唇齿相濡,林慕白下意识的抓紧了他的胳膊,略带生涩的回应着属于他的霸道。许是念着她的身子虚弱,他到底没有进一步的举动,只是浅尝辄止的松开了她。
明眸璀璨,故人依旧。
只是故人颜色改,可还记故人?
沉默了那么多年的,此刻的他不知道该怎样来表达自己内心的震颤,很多时候,他不是不说话只是不知道该从何说起。那么多的事,那么多年的沉淀,他忘了该怎样诉说。
而现在的林慕白,什么都忘了。
四目相对,他捧起那张素白的容脸,重重合上眼眸,额头相抵,“什么都不必说,在我这里,你比什么都重要。什么夜凌云,什么夜家庄,对我而言,从不是威胁。”他不是吃醋,只是觉得心疼。那个自己想要保护一辈子的女人,在她最难最痛苦的时候,陪在她身边的不是他——而是另一个男人。
他怎能不疼?
撕心裂肺的疼!
她睡着的时候,他会细细的数过她每一条伤痕,抚摸着脊背上的深浅不一,那是他最痛彻心扉的痕迹。每当这个时候他就会告诉自己,过去的永远回不去,那不如就别回去了。至少此刻至少现在他能给予她的是最纯净的幸福!
可是这双腿,他到底无能为力。
他有些痛恨自己的无能,原以为隐没在这山水之间,便是最简单的幸福,过最简单的生活。却在最后才发觉,事与愿违。有些人不是你想避开,就能当他不存在;有些事不是你想放手,别人就会放过你。

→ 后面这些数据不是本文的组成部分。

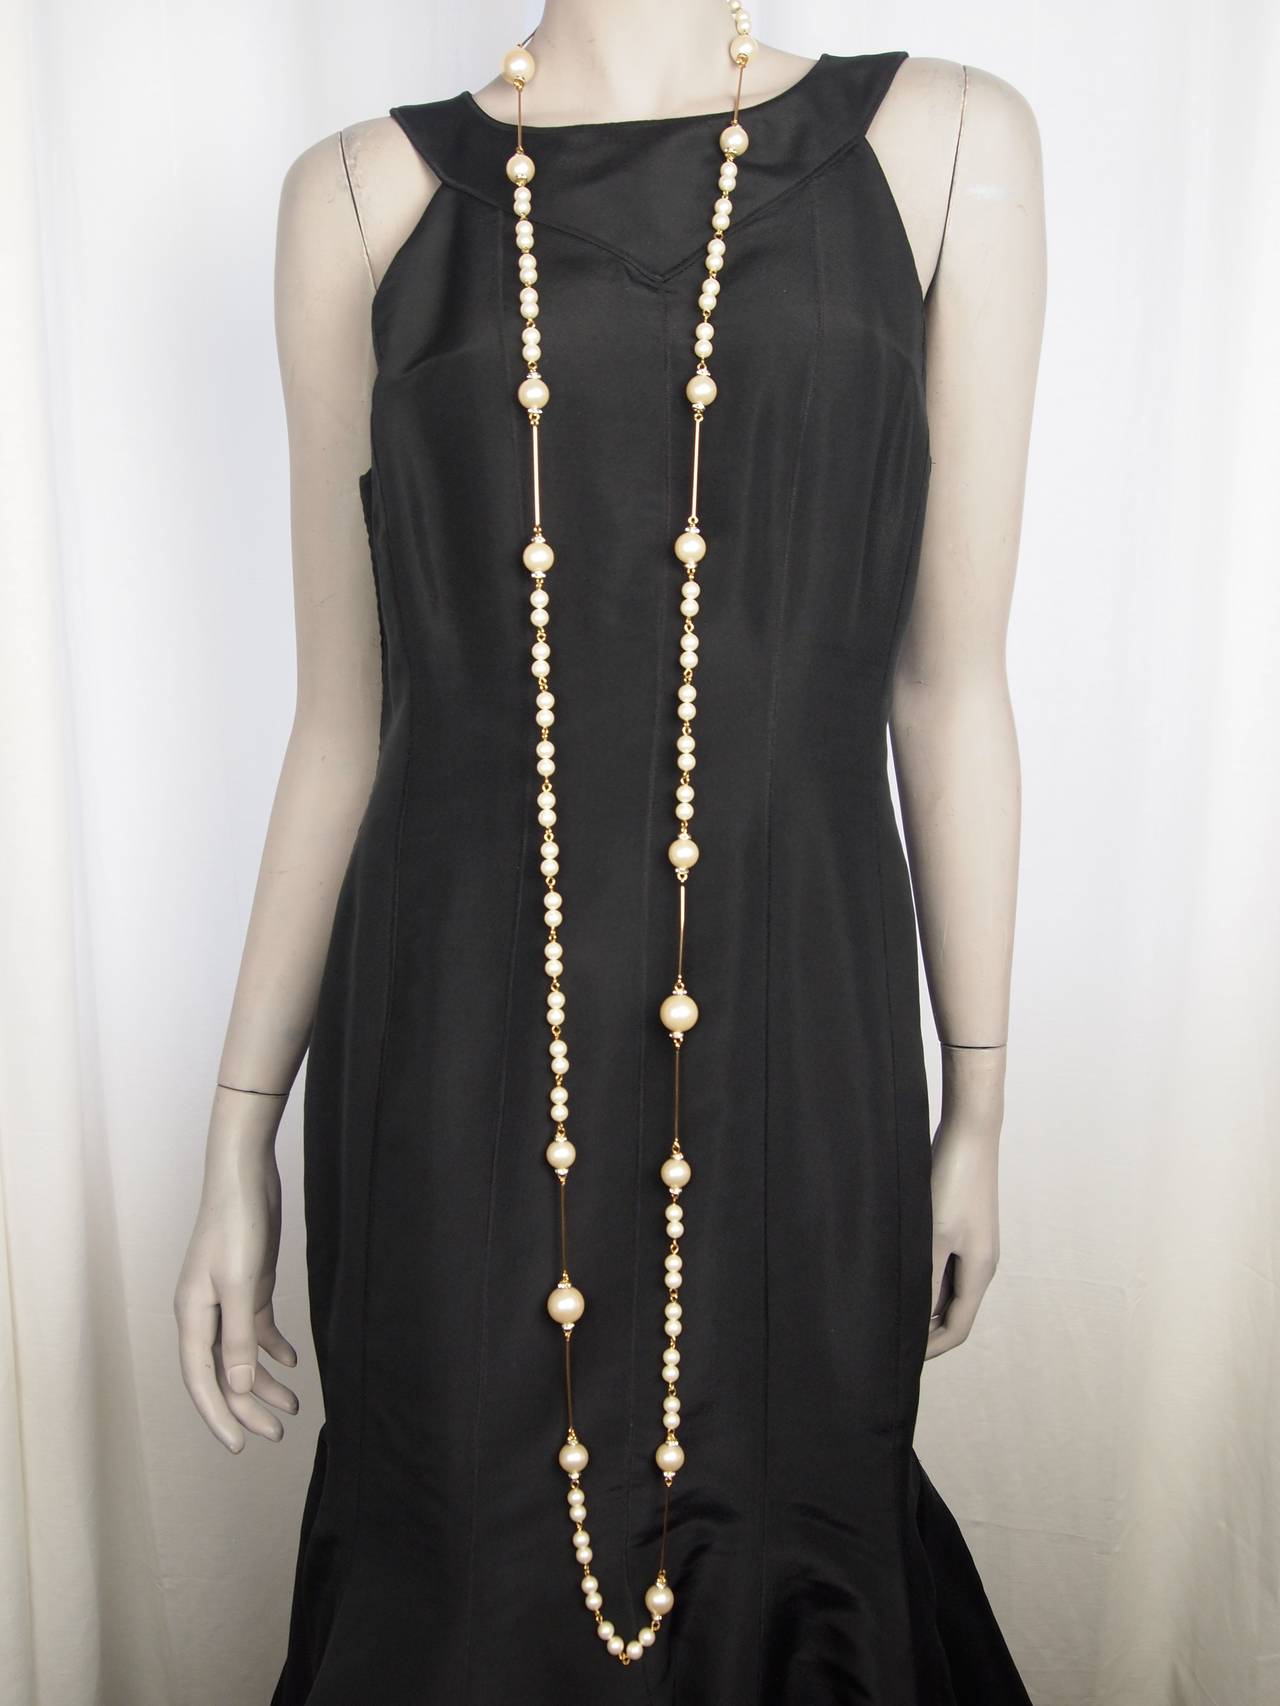 Women's Chanel Long Pearl Necklace Autumn/Winter 2001-2002 For Sale
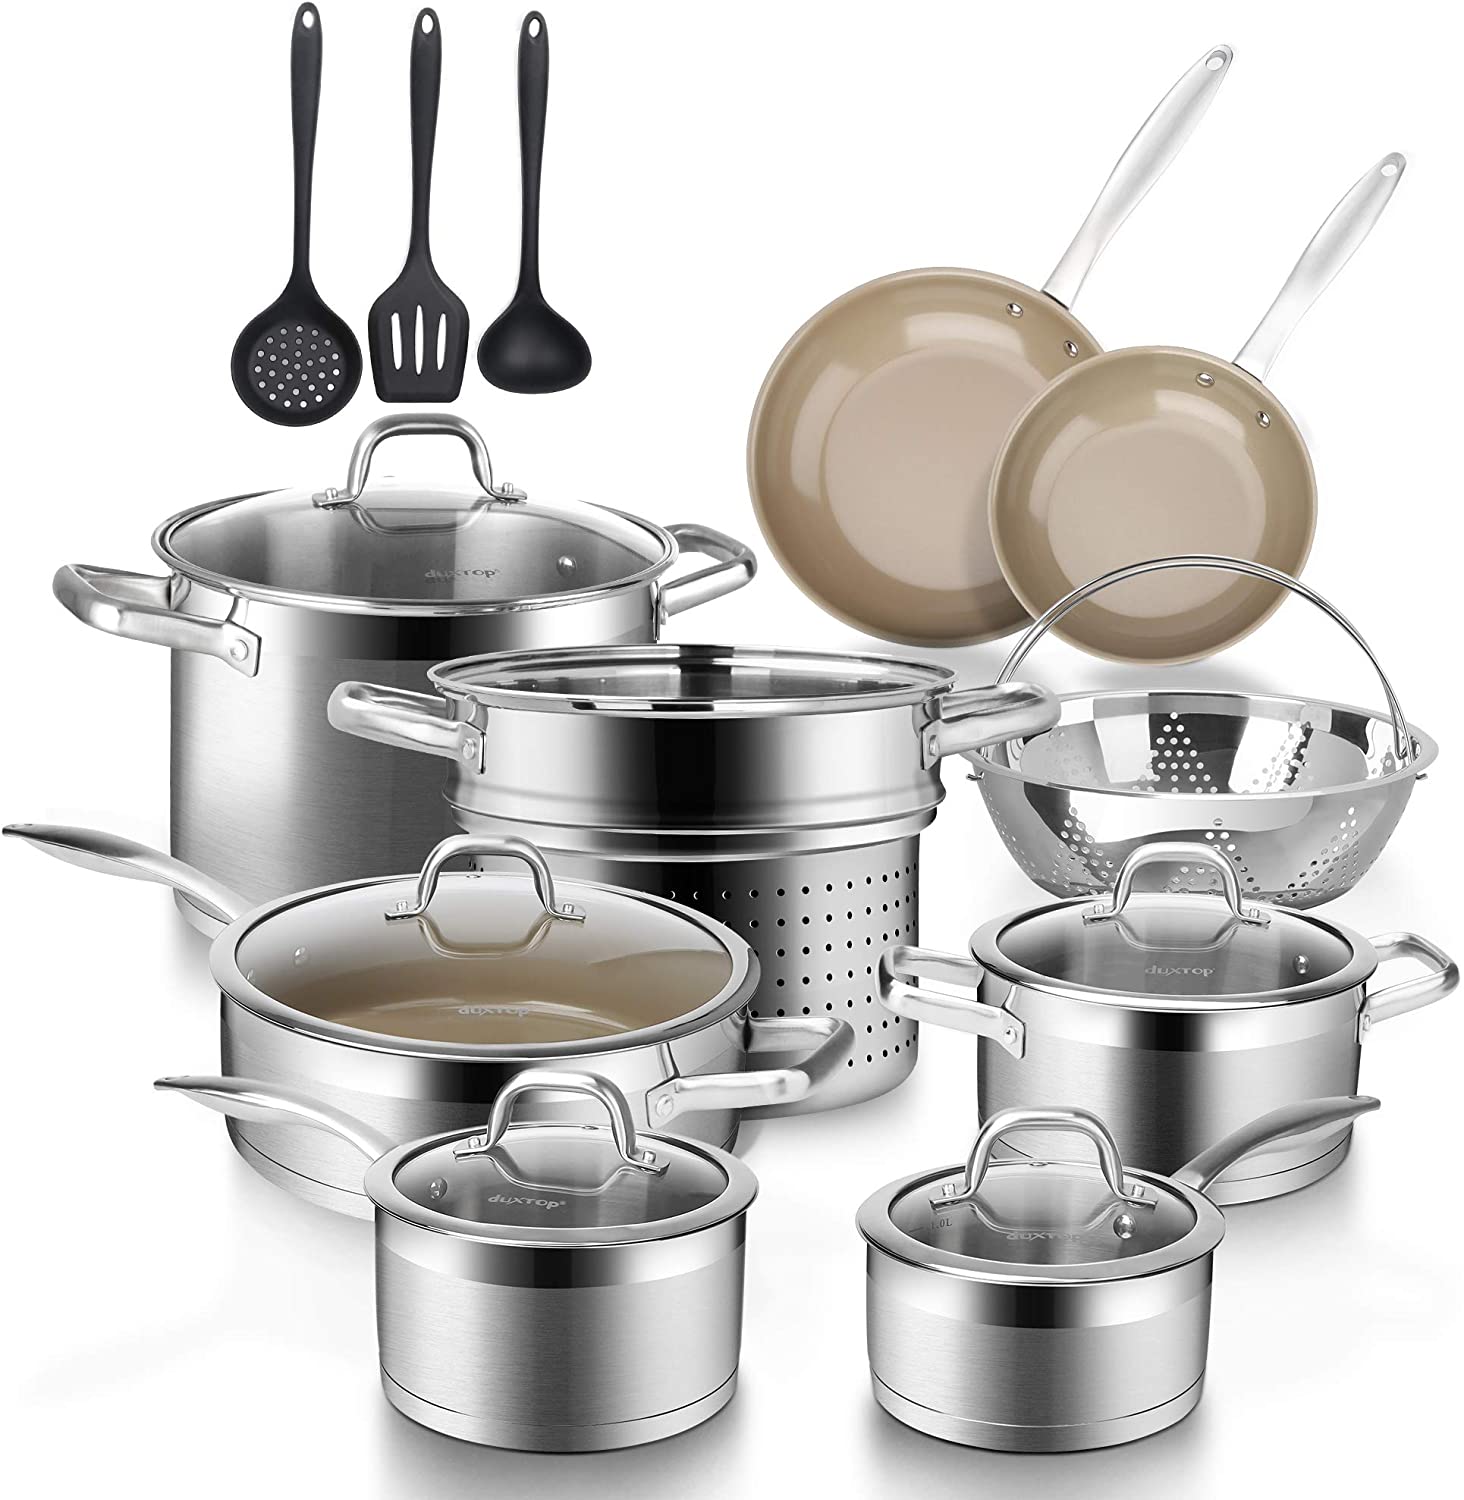 Duxtop Tri-Ply Stainless Steel Induction Cookware Set

“若世间无佛普度众生,我愿成魔屠戮苍生。”他附耳低语,口吻冰凉。
林慕白微微一怔,愕然盯着他,“爷,你怎么了?”
他慢条斯理的把玩着她的青丝长发,敛眸轻柔,“突然想吃人。”
音落,林慕白骇然,“什么?”
他慵懒抬眸,饶有兴致的望着自己的女人,从方才的愠怒之色转为如今的慵懒矜贵,不过是转瞬间为之,教人看不穿猜不透他到底心中在想什么。
指尖撩过她素白的面颊,他笑得邪魅无双,突然翻身将她压在身下,就势捏起她精致的下颚,“把你放在肚子里,这样才是最安全的。”
她一愣,眸色微恙,“什么?”
她不懂!
没关系,他懂就是。
温柔俯身,摄住她温凉的唇瓣,辗转缠绵,低柔浅尝。他觉得这是世上最美的滋味,甜美至极,令人眷恋不休。真想就这样吃了她,可她的身子还没好,不允许他这般肆无忌惮。所有的灼热都只能按捺,已然回来了,已然等了那么多年,也不差这一时半会的疯狂。
林慕白显得有些紧张,“爷——”
“别说话,让我尝一会,爷渴了。”他低低的开口,说的何其温柔,极尽暧,昧。这才是真正的容盈,一个传说中邪魅至绝,狠戾无双的男子。憋了那么多年,如今他这一身的邪魅都朝着她去了。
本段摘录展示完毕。